Se a campanha eleitoral brasileira de 2022 foi notadamente marcada pelo uso de Fake News e ferramentas de disseminação de massa, a da Argentina este ano traz uma vertente ainda mais aprofundada do uso da tecnologia para a manipulação digital: a Inteligência Artificial.
De um lado, um vídeo realista de um fato histórico: a guerra das Malvinas, com soldados argentinos e a primeira ministra britânica Margaret Thatcher ordenando “atacar o Belgrano”, episódio no qual deixaram mortos centenas de argentinos. Na peça visual, o peronista Sergio Massa fala: “um país não pode ser liderado por quem admira seus inimigos”.

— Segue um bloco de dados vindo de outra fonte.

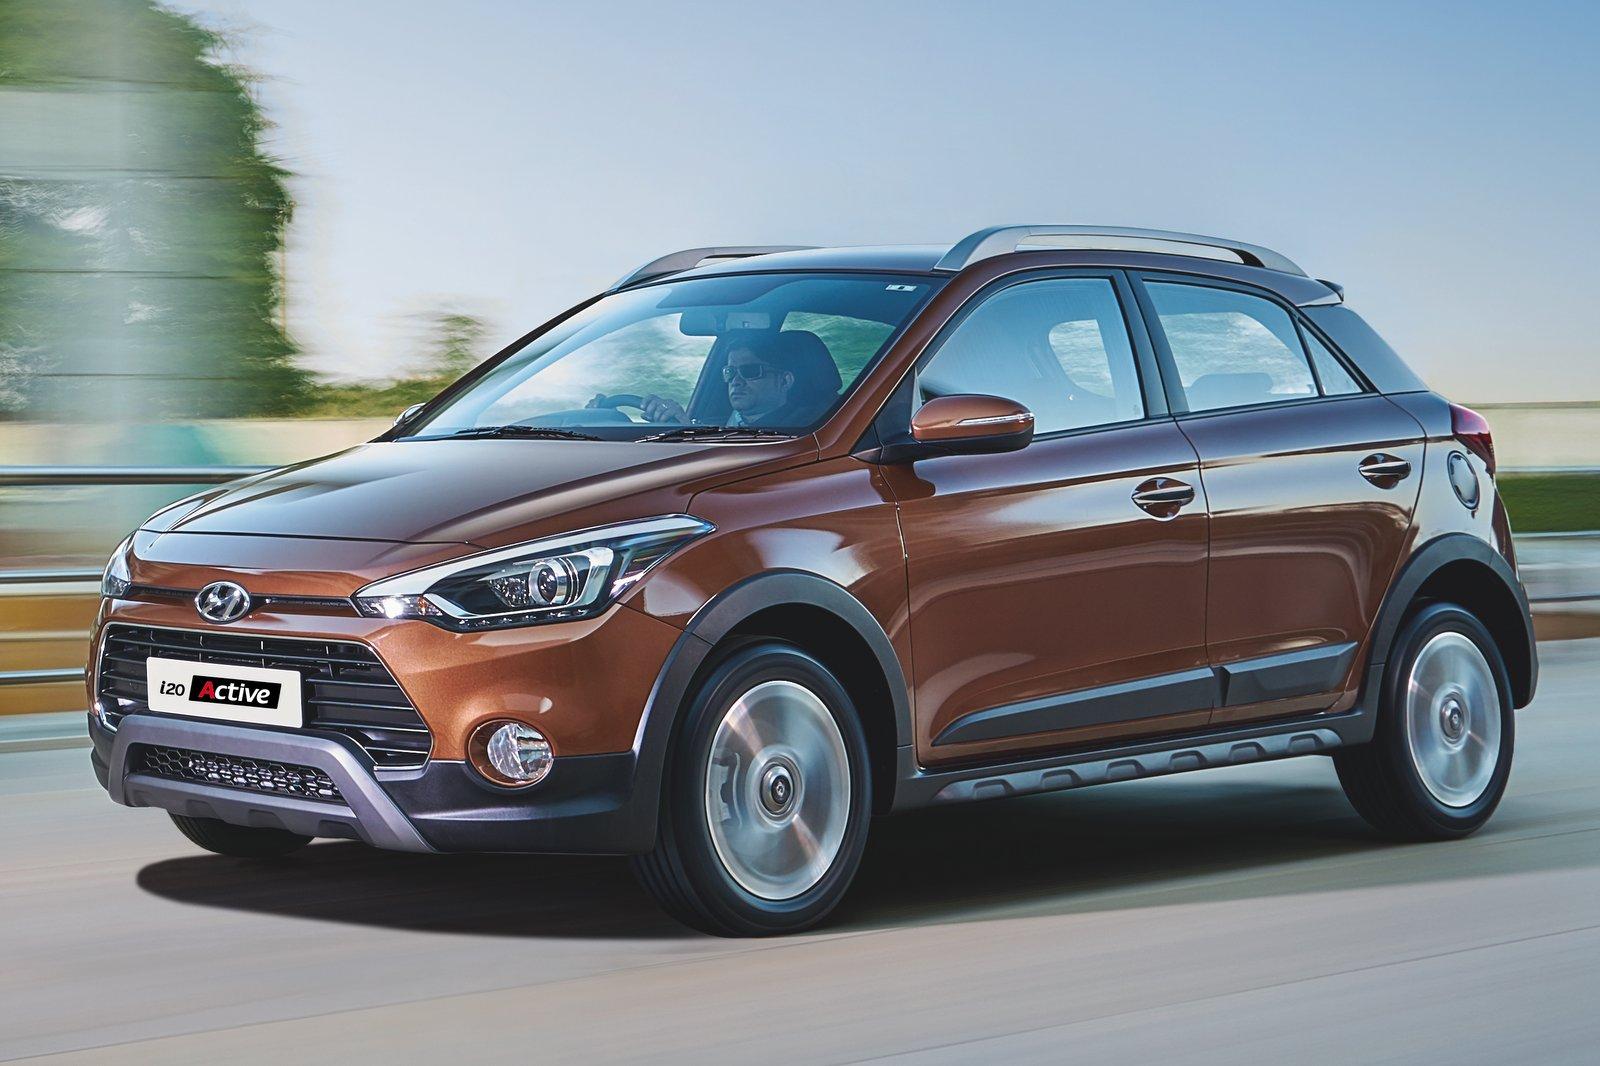 The Hyundai i20 Active Is India's Answer to the Sandero Stepway ...

De outro, um vídeo também realista com Sergio Massa cheirando cocaína. Apesar da aparência real, à diferença do primeiro, este é um episódio falso, também denominado deepfake. Ambas peças midiáticas foram criadas com Inteligência Artificial.
Neste vídeo, ainda disponível no Youtube, uma manipulação com o candidato governista usando a droga.

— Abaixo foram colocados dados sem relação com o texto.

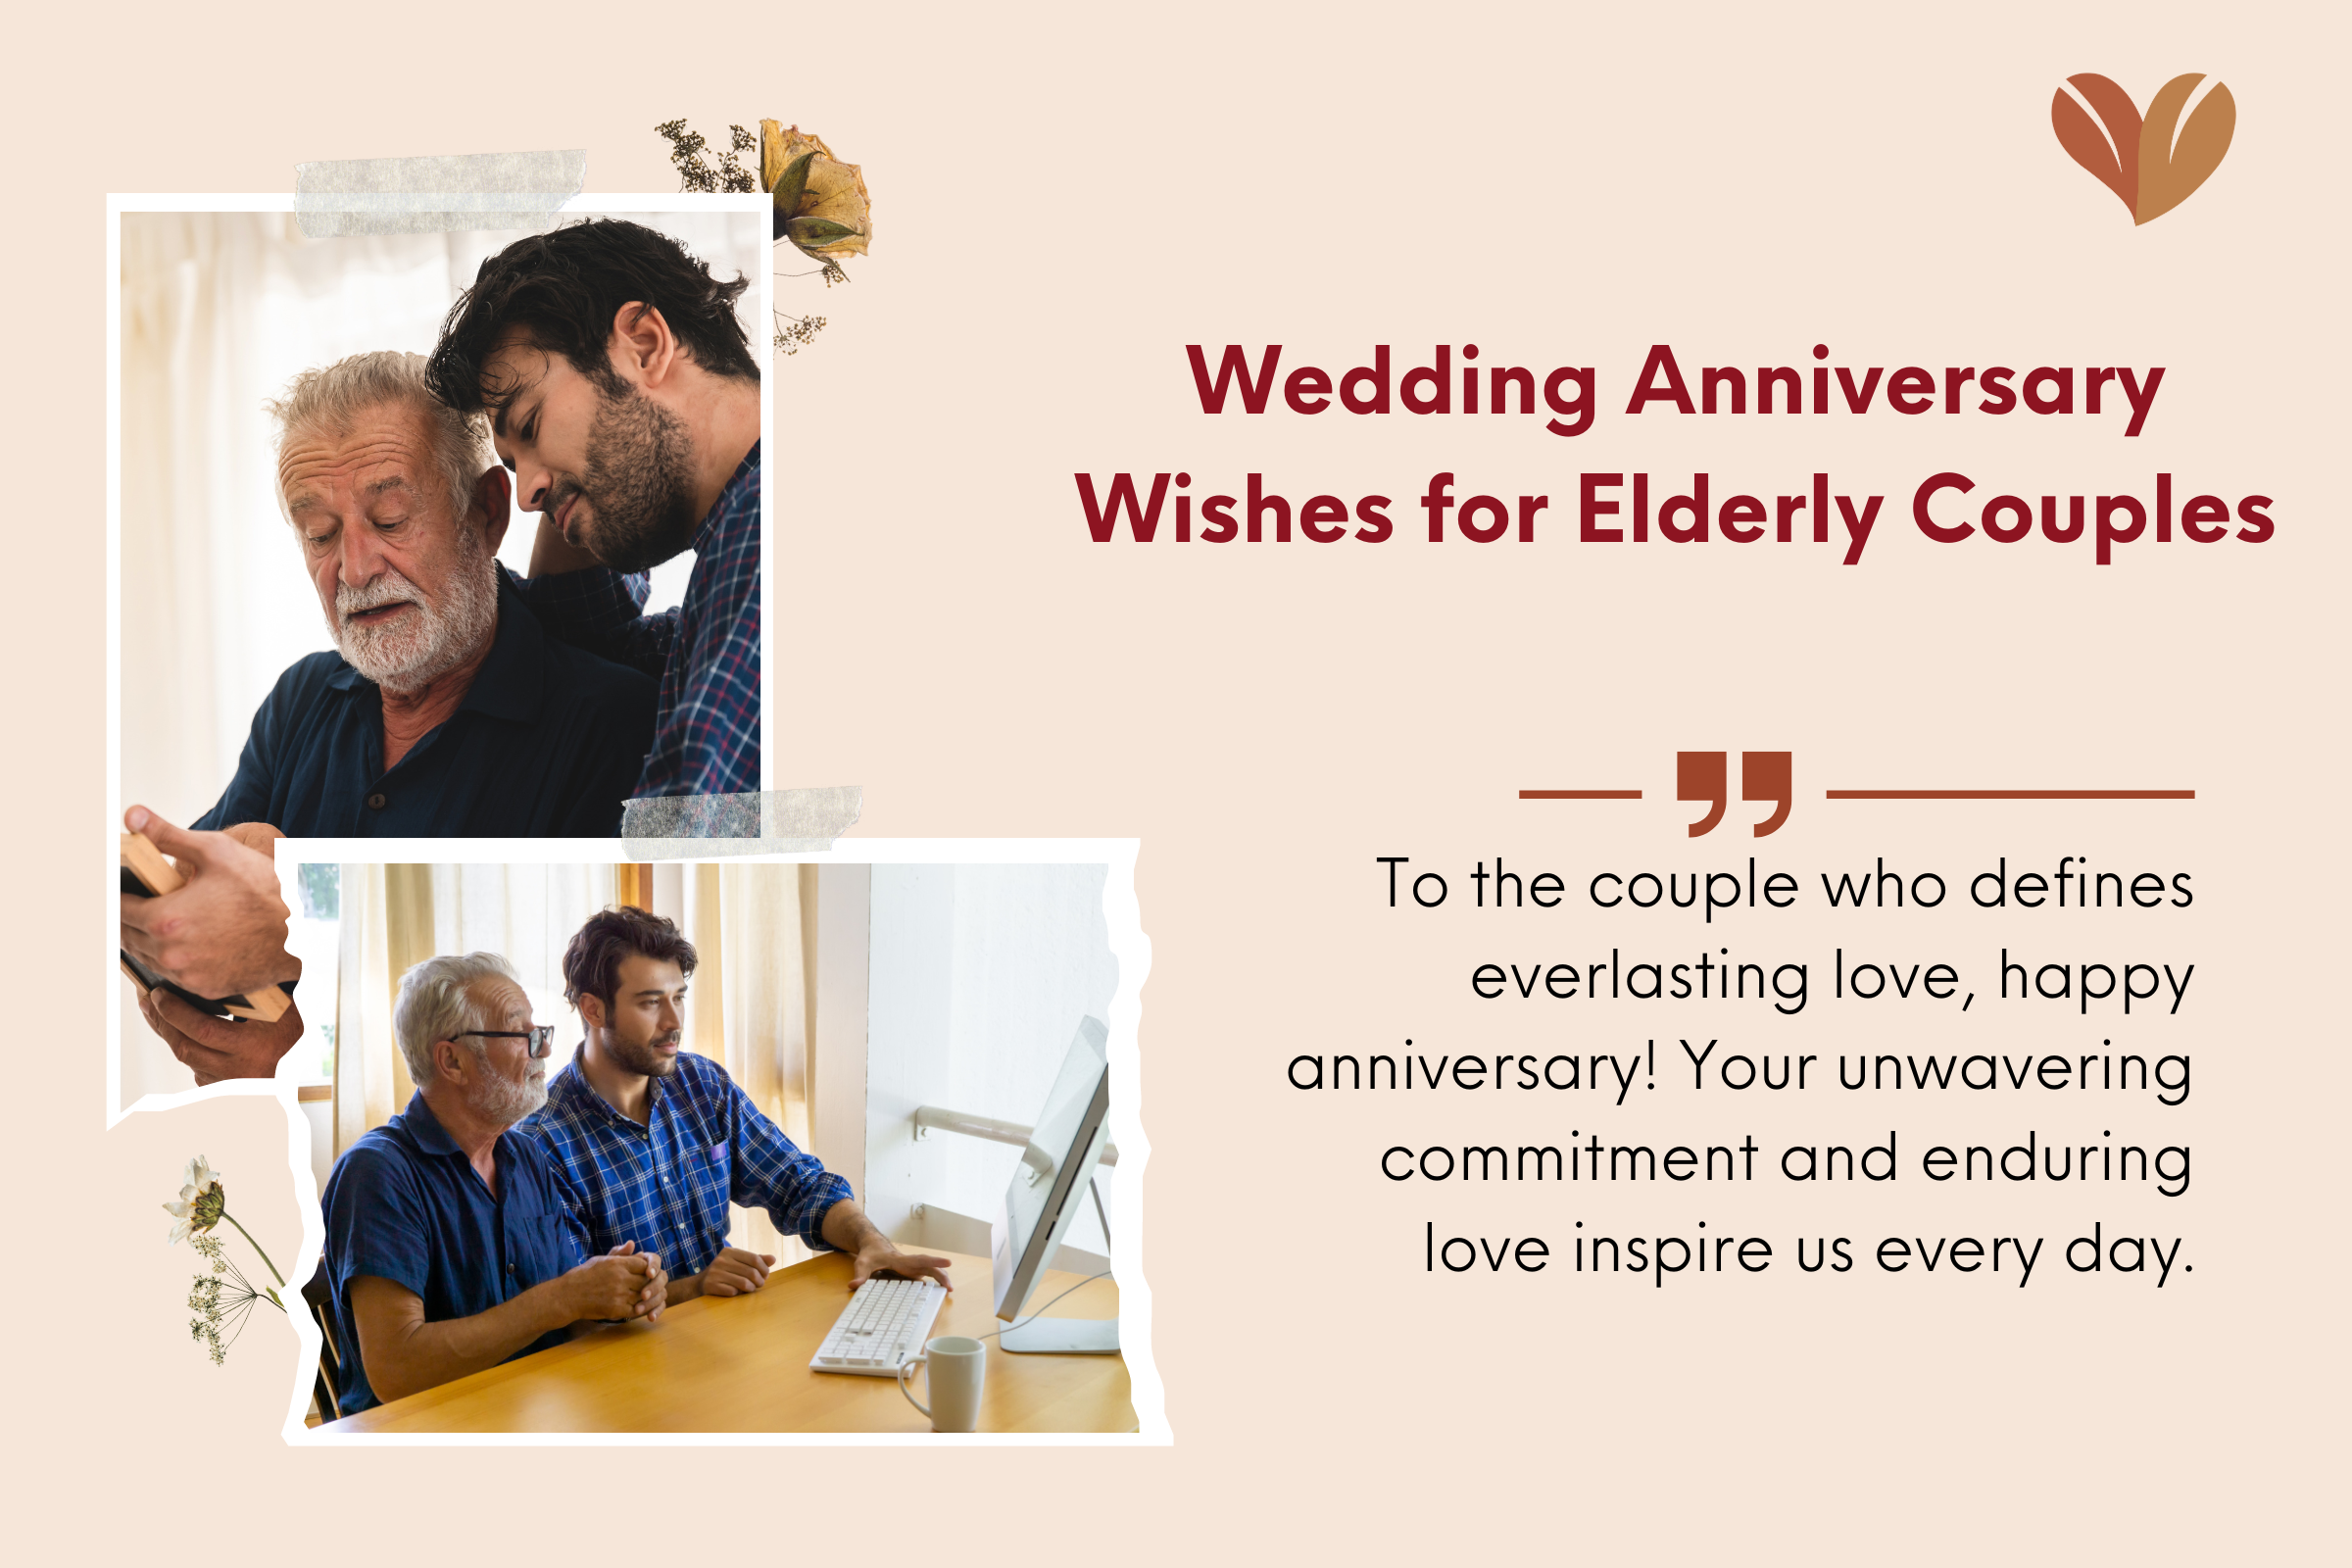 Say 'Happy Anniversary Parents!' by sending them cute wishes

Esse tem sido um forte tom da campanha eleitoral na Argentina. O vídeo da reprodução do afundamento do navio cruzador General Belgrano na Guerra das Malvinas foi um investimento direto da campanha do ministro da Economia que enfrenta o candidato da ultradireita Javier Milei.
Já o vídeo falso no qual o peronista aparece usando a droga teria sido produzido por apoiadores de Milei, e não sua campanha direta. Assim como este, outros vídeos e fotos manipulam e constroem narrativas com inteligência artificial para o embate político.
Neste vídeo feito com recortes e manipulações digitais por apoiadores de Milei, Massa aparece pronunciando conteúdos chulos e obscenos.
Para a pesquisadora Paula Guedes, doutoranda em Direito e Inteligência Artificial pela Universidade Católica Portuguesa – Centro Regional do Porto e Mestre em Direito Internacional e Europeu, e membro da Data Privacy Brasil, há uma “clara diferença” entre o uso de IA com propósitos escancaradamente figurativos e com humor para aquelas que atuam confundindo e manipulando os eleitores.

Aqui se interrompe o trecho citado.